Hi @wpreimes, thanks for your reply. By ismn.__version__
I got the version is '1.1.0'
. Is it the latests one?
And I found that I can use the variable='soil_moisture'
outside the filter_meta_dict
. By the way, if I try ismn_data['HOBE']['3.09']
, there is Decagon-5TE-B_soil_moisture_0.200000_0.250000'
which means soil moisture from 0.2 to 0.25m. But just using ismn_data.read_metadata(1098)['variable']
doesn't show this....
v1.2.0
would be the latest. You can try pip install -U ismn
to upgrade.
The commands ISMN_Interface.read_metadata()
(and ISMN_Interface.read_ts
) read data for certain ID. the ID refers to a specific sensor (as indicated by contents of the metadata).
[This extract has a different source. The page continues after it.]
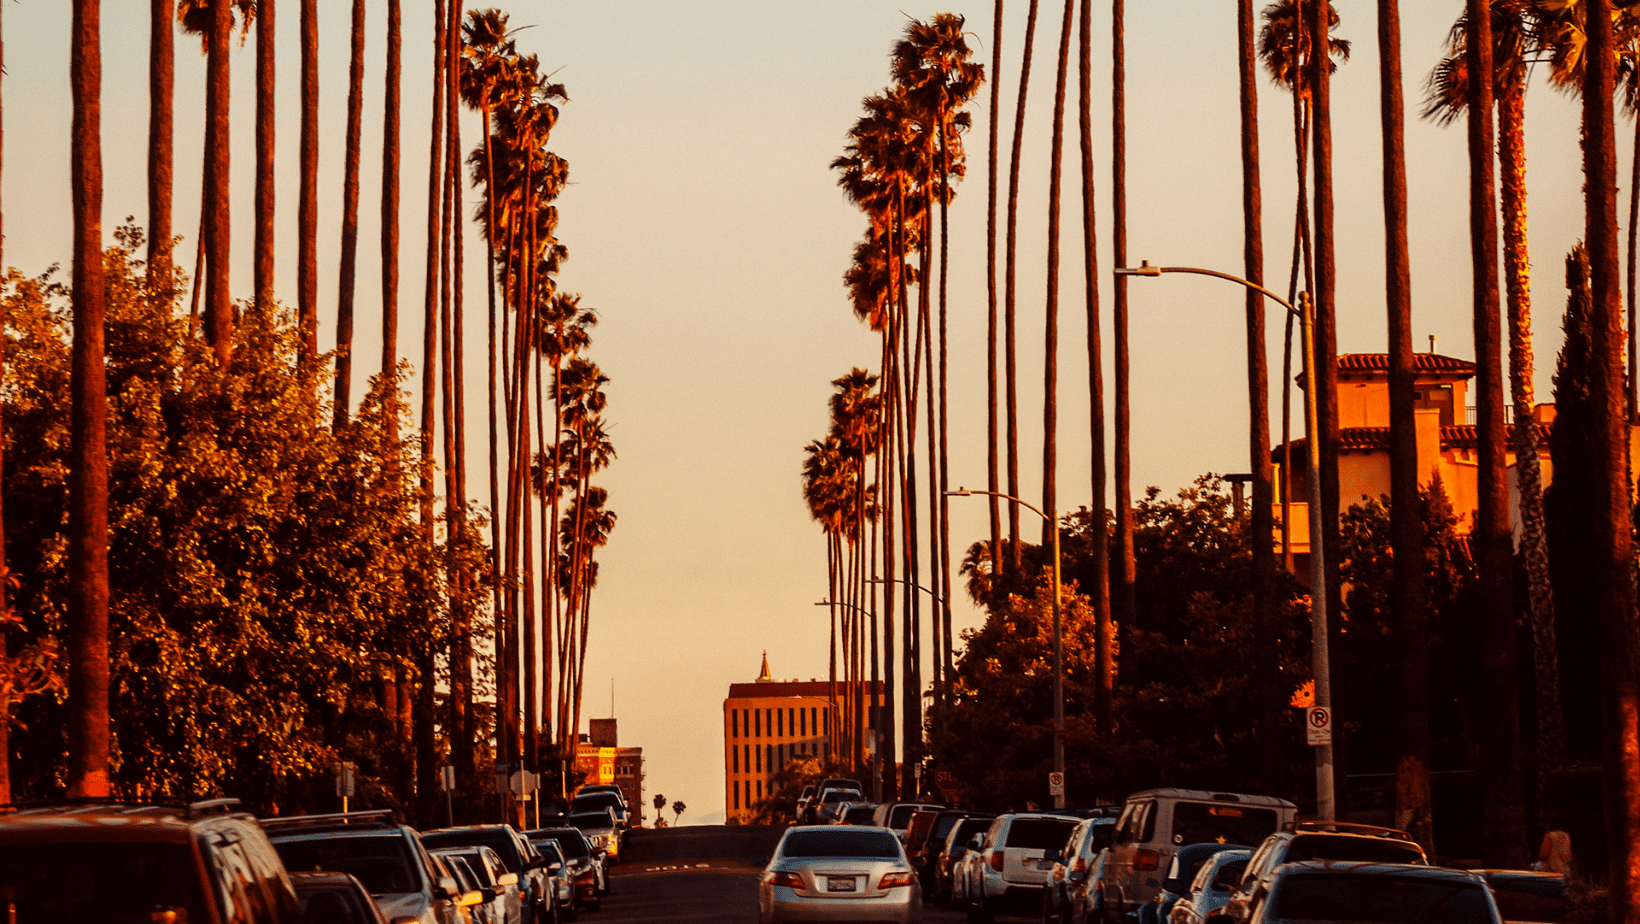 Palm trees line the street at sunset in los angeles, california.

At a station such as HOBE 3.09 there can be multiple sensors. In your case, 1098 is the ID of the soil moisture sensor at this station in 0-5 cm depth, and your command is reading the metadata for that sensor. The sensor in depth 0.2-0.25 is different, and therefore has a different ID.
Thanks for your reply! @wpreimes but when I tried v1.2.0
, it seems to be an error when I was reading data Data_separate_files_header_20170101_20211231_9078_Zd6I_20220911
(this is a file I downloaded from ISMN station, containing lat from 36N to 58N and lon from 11.75W to 29.5E.):
ismn_data = ISMN_Interface(data_path)
Files Processed: 100%|██████████| 321/321 [00:00<00:00, 4521.32it/s]Processing metadata for all ismn stations into folder /Users/xushan/research/TUD/ISMN_westEurope/Data_separate_files_header_20170101_20211231_9078_Zd6I_20220911.
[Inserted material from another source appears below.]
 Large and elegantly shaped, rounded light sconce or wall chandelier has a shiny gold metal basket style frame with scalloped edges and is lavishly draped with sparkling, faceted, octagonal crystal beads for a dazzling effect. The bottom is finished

This may take a few minutes, but is only done once...
Hint: Use `parallel=True` to speed up metadata generation for large datasets
Metadata generation finished after 0 Seconds.
Metadata and Log stored in /Users/xushan/research/TUD/ISMN_westEurope/Data_separate_files_header_20170101_20211231_9078_Zd6I_20220911/python_metadata
Traceback (most recent call last):
File "<ipython-input-23-84af3e3a7ed0>", line 1, in <module>
ismn_data = ISMN_Interface(data_path)
File "/Users/xushan/opt/anaconda3/lib/python3.7/site-packages/ismn/interface.py", line 135, in __init__
self.activate_network(network=network, meta_path=meta_path, temp_root=temp_root)
File "/Users/xushan/opt/anaconda3/lib/python3.7/site-packages/ismn/interface.py", line 166, in activate_network
self.__file_collection.to_metadata_csv(meta_csv_file)
File "/Users/xushan/opt/anaconda3/lib/python3.7/site-packages/ismn/filecollection.py", line 403, in to_metadata_csv
dfs = pd.concat(dfs, axis=0, sort=True)
File "/Users/xushan/opt/anaconda3/lib/python3.7/site-packages/pandas/util/_decorators.py", line 311, in wrapper
return func(*args, **kwargs)
File "/Users/xushan/opt/anaconda3/lib/python3.7/site-packages/pandas/core/reshape/concat.py", line 304, in concat
sort=sort,
File "/Users/xushan/opt/anaconda3/lib/python3.7/site-packages/pandas/core/reshape/concat.py", line 351, in __init__
raise ValueError("No objects to concatenate")
ValueError: No objects to concatenate
Can you please help me with this? Thanks!